Case No. 2:13-cv-00065-WTL-WGH
Entry Granting Motion for Summary Judgment
Plaintiff Richard Vance Crowley, an inmate of the Federal Bureau of Prisons (“BOP”) at
the United States Penitentiary in Bruceton Mills, West Virginia, brings this action pursuant to the
theory recognized in Bivens v. Six Unknown Named Agents, 403 U.S. 388 (1971). Crowley
alleges that defendants Rebecca Miller, David Putoff and William F. Wilson, M.D. failed to
provide or delayed treatment for multiple fractures to his right hand in violation of the Eighth
Amendment while he was housed at the Federal Correctional Complex in Terre Haute, Indiana
(“FCC Terre Haute”). The defendants move to dismiss, or in the alternative for summary
judgment—not on the merits, but based on the exhaustion of administrative remedies
requirement of the Prison Litigation Reform Act, 42 U.S.C. § 1997 (“PLRA”).1
1
Also pending, is the plaintiff’s motion for clarification [dkt. 44]. This motion is granted to the extent
that the clerk is directed to include a copy of the docket numbers 1, 36, and 41 along with the plaintiff’s
copy of this Entry.
1
I. Standard of Review
A court is to enter summary judgment when sought if “there is no genuine dispute as to
any material fact and the movant is entitled to judgment as a matter of law.” Fed. R. Civ. P.

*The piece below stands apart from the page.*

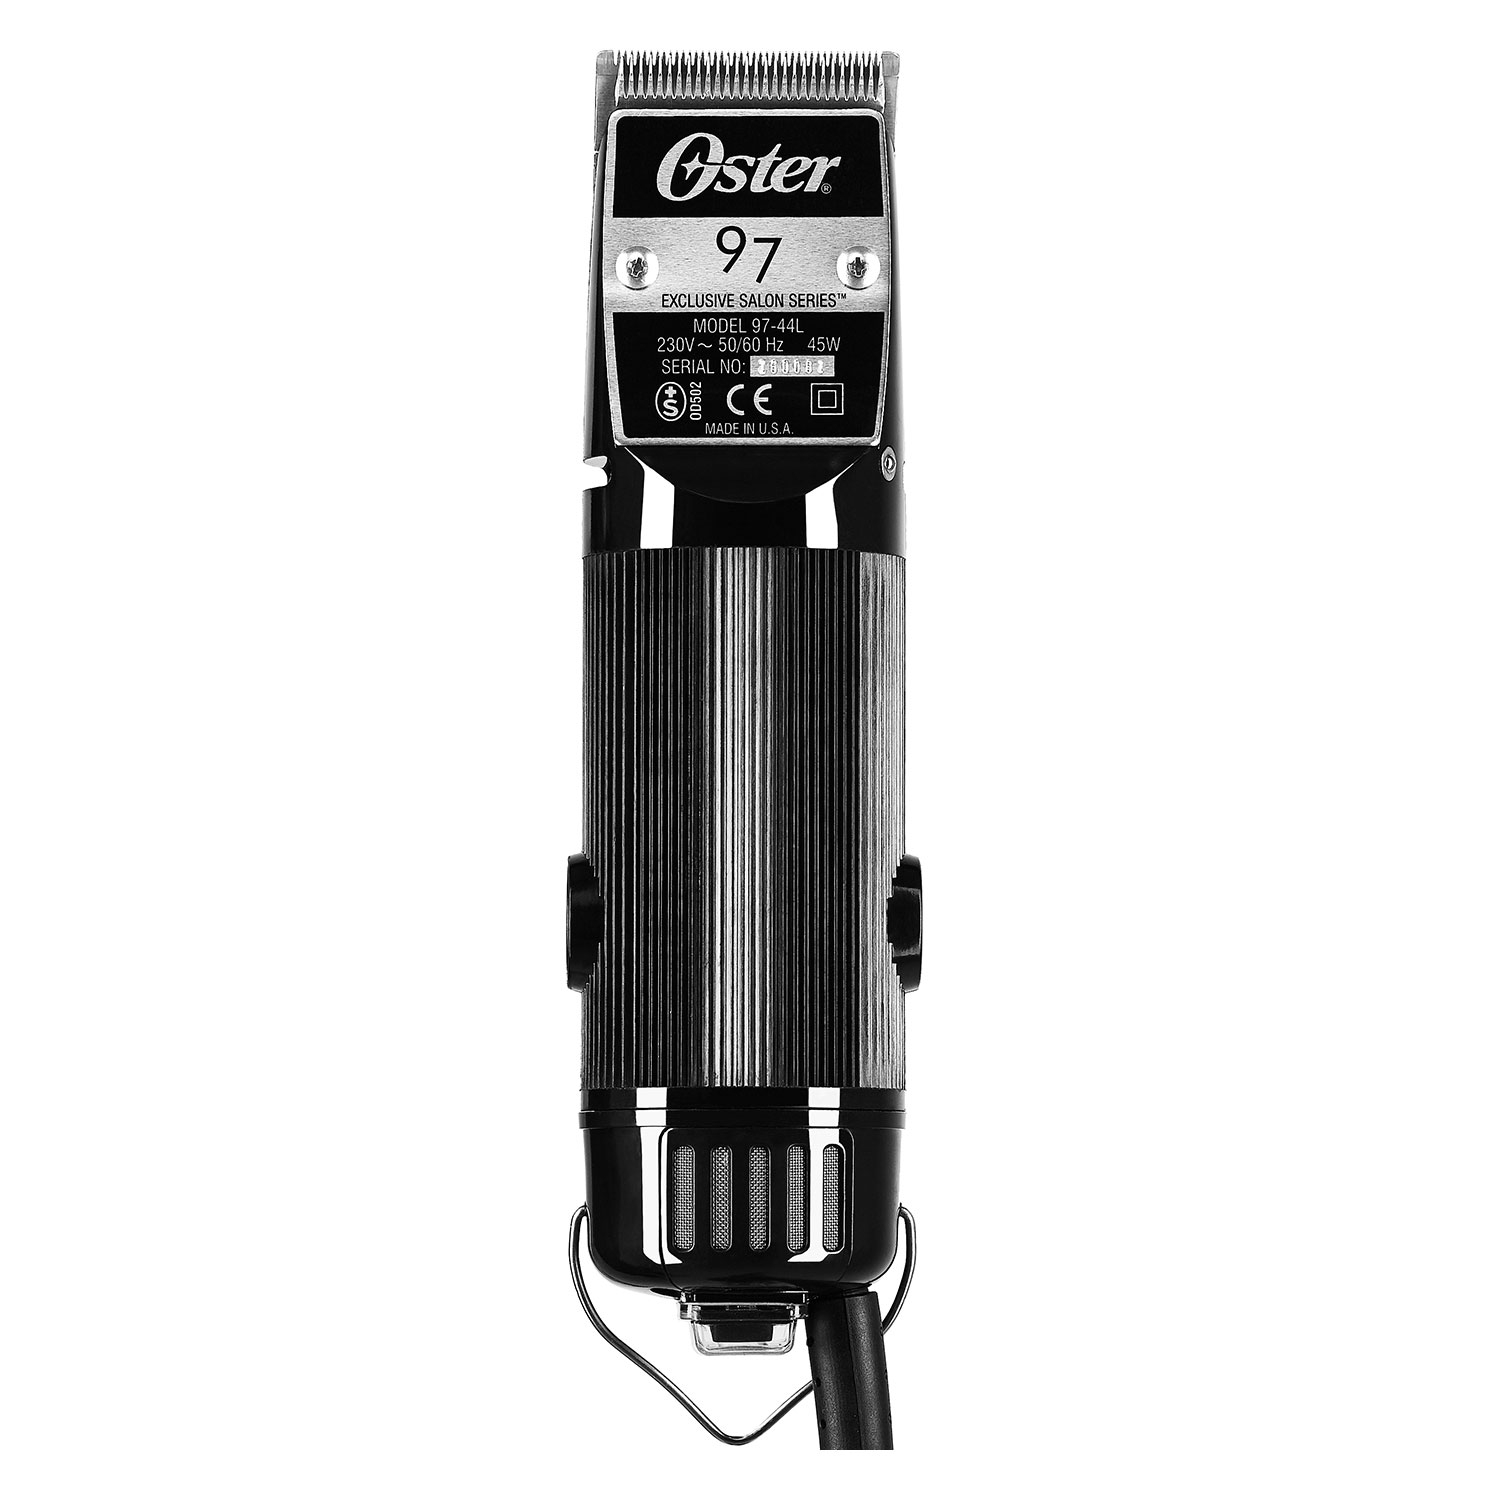 Product image from Oster - Haarschneide-Maschine 97-44

56(a). To survive a motion for summary judgment, “the nonmoving party must establish some
genuine issue for trial such that a reasonable jury could return a verdict in her favor.” Gordon v.
FedEx Freight, Inc., 674 F.3d 769, 772-73 (7th Cir. 2012). To survive summary judgment there
must be evidence on which the jury could reasonably find for the nonmoving party, and the
nonmoving party must point to specific facts showing that there is a genuine issue for trial.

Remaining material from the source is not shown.